Section 6.02 also makes clear that non-Register patents, which may be infringed by a drug product that is the subject of a submission, cannot be litigated in a NOC action. However, sections 8.1 and 8.2 provide standing to generics and innovators, respectively, to litigate such non-Register patents on a quia timet basis in parallel proceedings. Despite the bar on joinder of these cases, we expect to see attempts to practically consolidate such actions with NOC actions, and it is unclear at this point whether case management judges will be sympathetic to such attempts.

3. Derailing timelines with discovery

While the Proposed Regulations recognise the need to expedite the litigation process by defining a subset of the discovery obligations that must take place almost immediately, it will still be a significant (some would say nearly impossible) challenge to run a full discovery process, including document productions, oral discovery, discovery motions, and potentially third party discovery, on a 24-month clock (or more likely a 21 month clock to account for decision drafting time).  All with no additional resources being provided to the Federal Court (despite reasonable and well-supported requests).

Even the explicit discovery obligations are likely to have some unintended effects.  For example, Subsection 5(3)(c) outlines the production obligations of a second person, and requires that the following be served along with the NOA:  (iii) for infringement, a searchable electronic copy of the portions of the submission or supplement that are relevant and under the control of the second person, and (iv) for invalidity, an electronic copy of any document — along with an electronic copy of it in English or French, if available — on which the person is relying in support of the allegation.

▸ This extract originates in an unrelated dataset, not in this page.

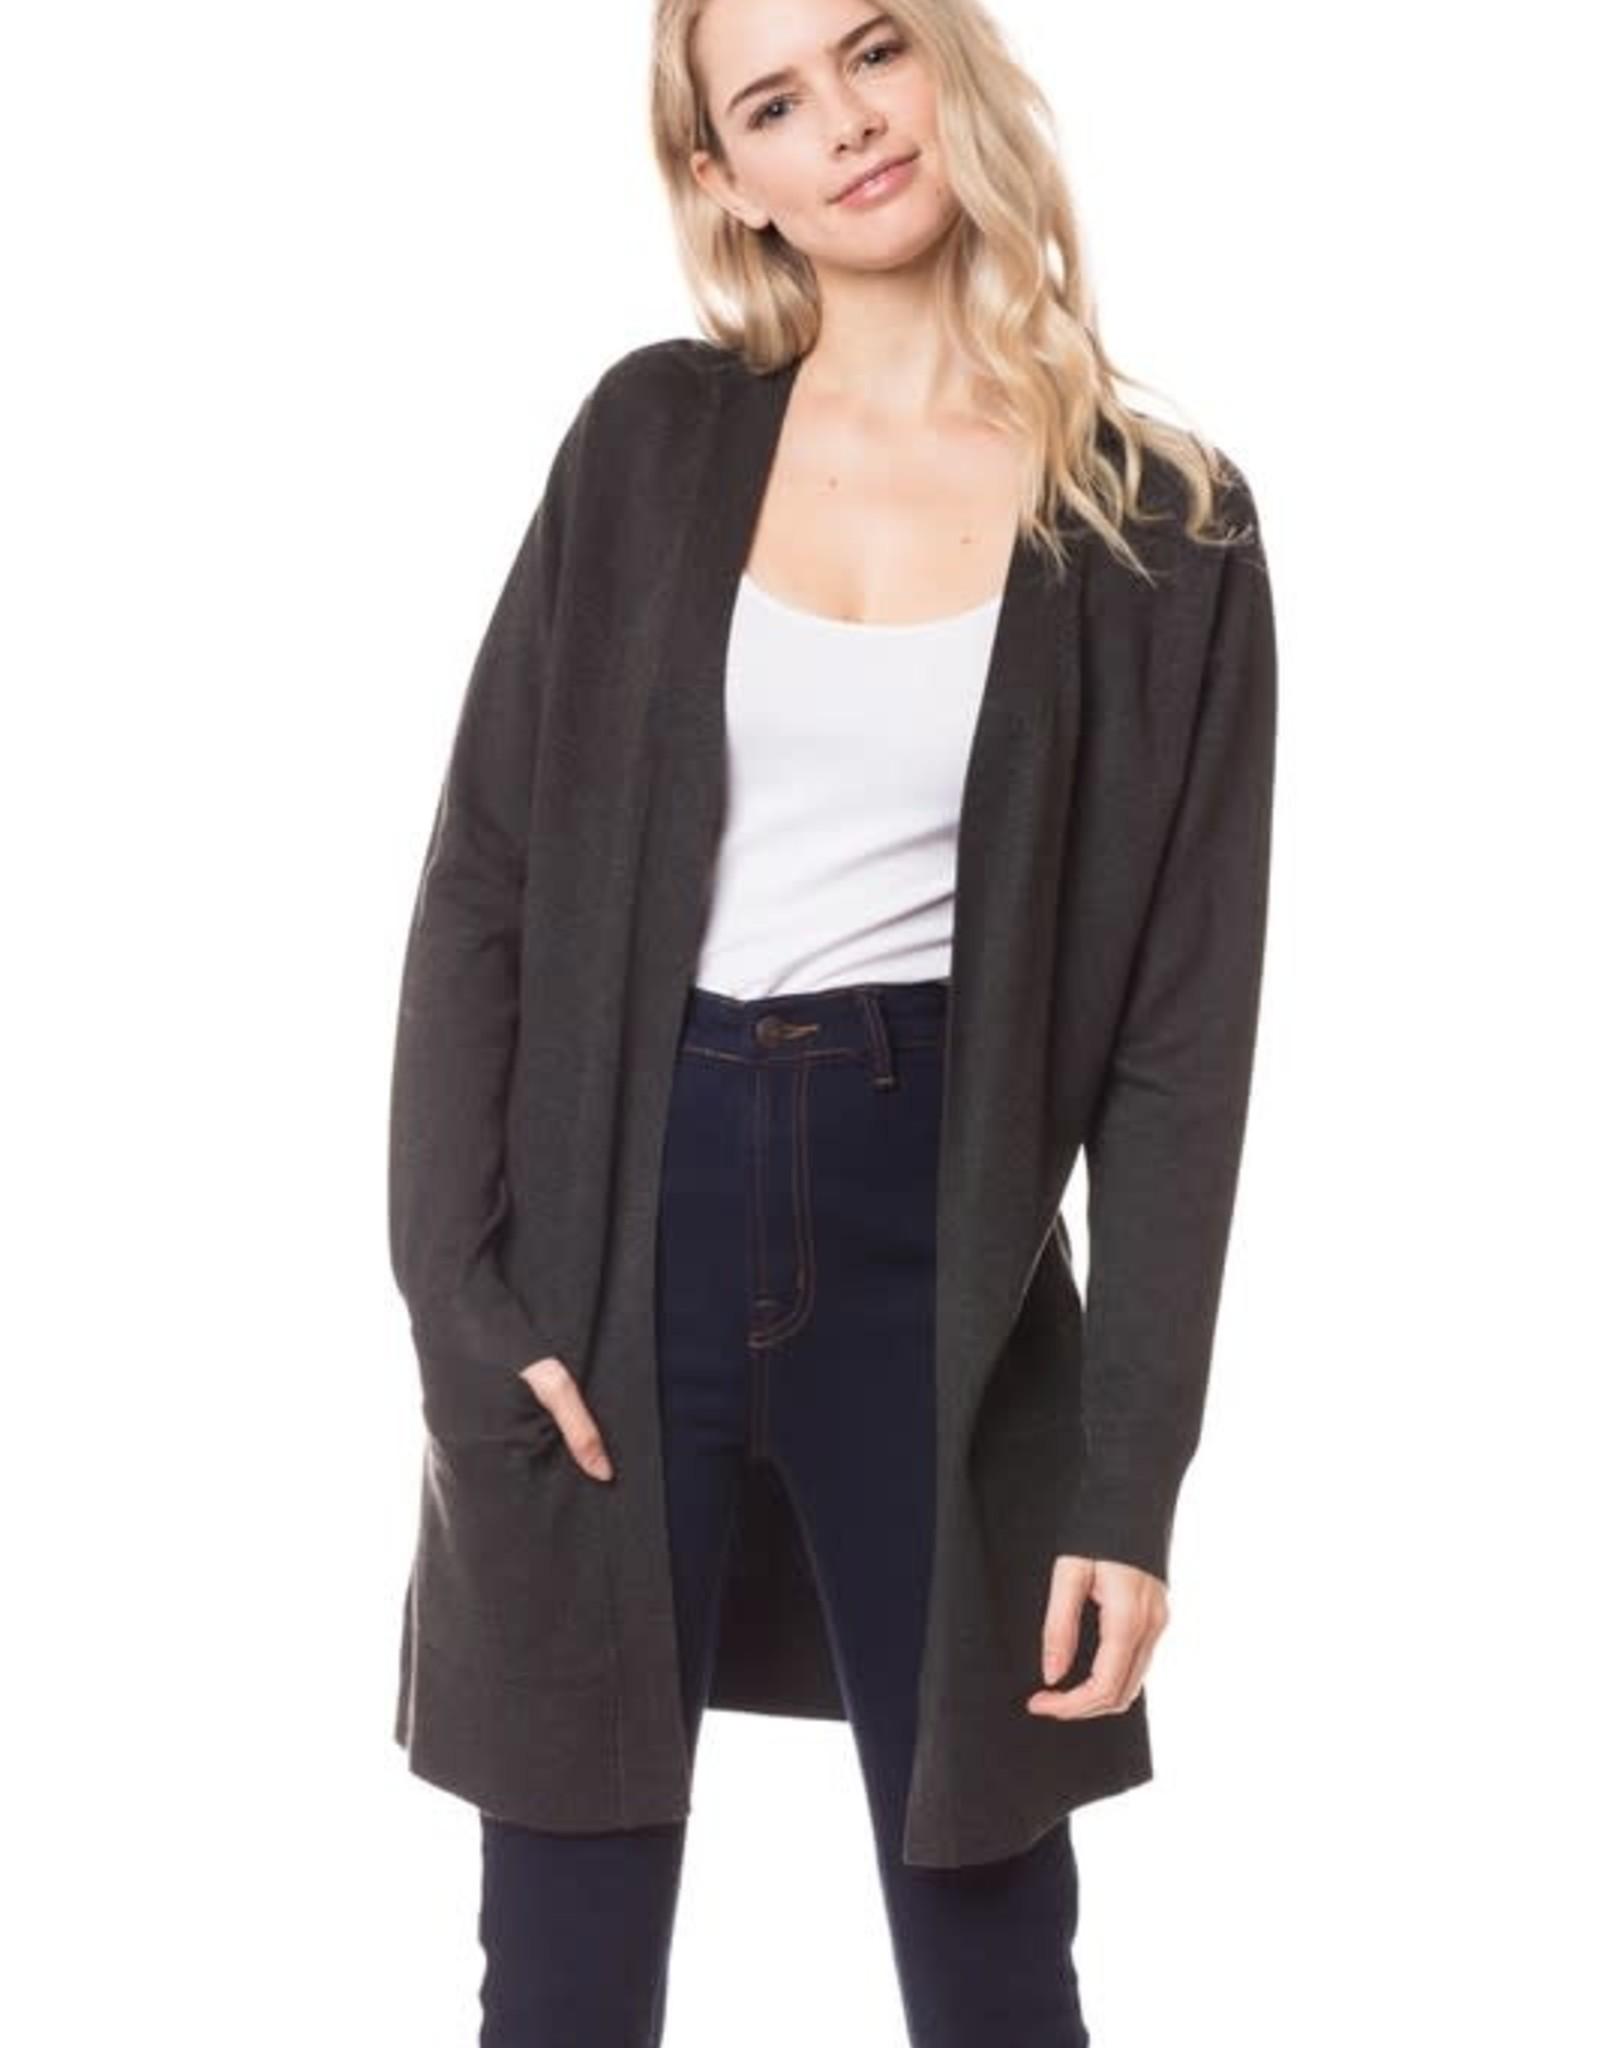 - Charcoal Grey Open Long Knit Cardigan w/Pockets

The relevancy standard in (iii) is likely to create “production sufficiency” motions, with both sides arguing about whether undisclosed portions were relevant and whether service of the NOA was therefore effective.

In addition, oddly, given the focus on speeding up discovery at the outset of the proceeding, the Proposed Regulations do not require mandatory production of samples of the generic product, even where infringement is an issue. Parties will only be able to move for samples under the relevant provisions of the Federal Courts Rules, which is sure to cause delays, especially if the second person claims not to have control over samples of its own proposed product. Such delays will be further compounded if either party chooses to do experimental testing on these samples, which will presumably be subject to the Court’s practice guidelines – including notice requirements – on such testing.

The combination of these unknowns and a 24-month clock for actions that commonly take twice that long (if not longer) creates a confluence of events that is sure to generate interesting arguments and unintended consequences for years to come.